What it tells us: How many direct, ‘one hop’ connections each node has to other nodes within the network.

When to use it: For finding very connected individuals, popular individuals, individuals who are likely to hold most information or individuals who can quickly connect with the wider network.

A bit more detail: Degree centrality is the simplest measure of node connectivity. Sometimes it’s useful to look at in-degree (number of inbound links) and out-degree (number of outbound links) as distinct measures, for example when looking at transactional data or account activity.

SNA Measure 2: Betweenness centrality

social network analysis measures - betweenness centrality
Visualizing an email network, with nodes resized by betweenness score

Definition: Betweenness centrality measures the number of times a node lies on the shortest path between other nodes.

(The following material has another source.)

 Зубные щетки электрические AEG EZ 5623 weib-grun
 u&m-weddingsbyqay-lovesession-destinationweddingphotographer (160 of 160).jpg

What it tells us: This measure shows which nodes act as ‘bridges’ between nodes in a network. It does this by identifying all the shortest paths and then counting how many times each node falls on one.

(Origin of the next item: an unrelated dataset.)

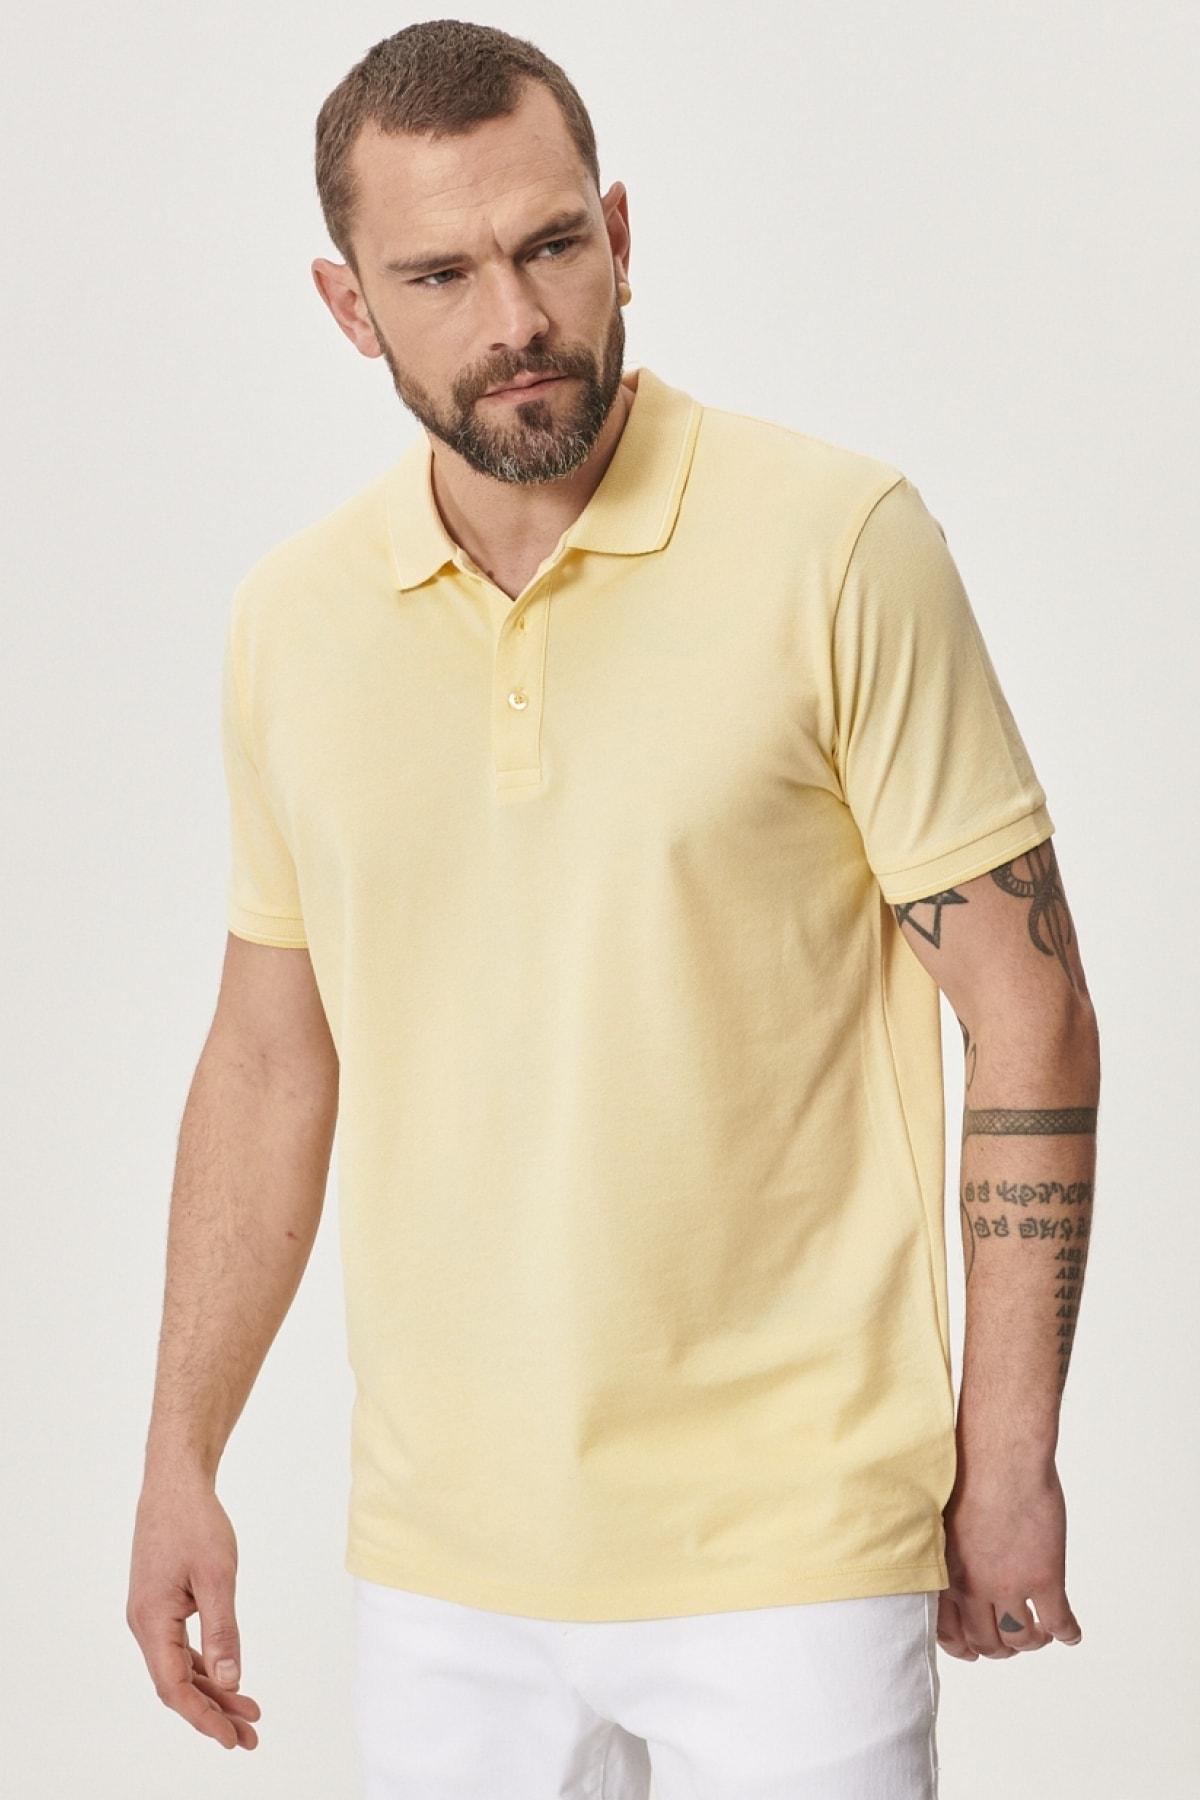 Erkek Sarı-Beyaz Düğmeli Polo Yaka Cepsiz Slim Fit Dar Kesim Düz Tişört

When to use it: For finding the individuals who influence the flow around a system.

A bit more detail: Betweenness is useful for analyzing communication dynamics, but should be used with care. A high betweenness count could indicate someone holds authority over, or controls collaboration between, disparate clusters in a network; or indicate they are on the periphery of both clusters.

SNA Measure 3: Closeness centrality

social network analysis measures - closeness centrality
A corporate email network; nodes with a high closeness degree are enlarged

Definition: This measure scores each node based on their ‘closeness’ to all other nodes within the network.

What it tells us: This measure calculates the shortest paths between all nodes, then assigns each node a score based on its sum of shortest paths.

When to use it: For finding the individuals who are best placed to influence the entire network most quickly.

A bit more detail: Closeness centrality can help find good ‘broadcasters’, but in a highly connected network you will often find all nodes have a similar score. What may be more useful is using Closeness to find influencers within a single cluster.

SNA Measure 4: EigenCentrality

An email network, with nodes sized by their EigenCentrality
An email network, with nodes sized by their EigenCentrality

Definition: Like degree centrality, EigenCentrality measures a node’s influence based on the number of links it has to other nodes within the network. EigenCentrality then goes a step further by also taking into account how well connected a node is, and how many links their connections have, and so on through the network.

What it tells us: By calculating the extended connections of a node, EigenCentrality can identify nodes with influence over the whole network, not just those directly connected to it.

When to use it: EigenCentrality is a good ‘all-round’ SNA score, handy for understanding human social networks, but also for understanding networks like malware propagation.

A bit more detail: KeyLines calculates each node’s EigenCentrality by converging on an eigenvector using the power iteration method. Learn more.

SNA Measure 5: PageRank

An email network, with nodes sized by PageRank score
An email network, with nodes sized by PageRank score

Definition: PageRank is a variant of EigenCentrality, also assigning nodes a score based on their connections, and their connections’ connections. The difference is that PageRank also takes link direction and weight into account – so links can only pass influence in one direction, and pass different amounts of influence.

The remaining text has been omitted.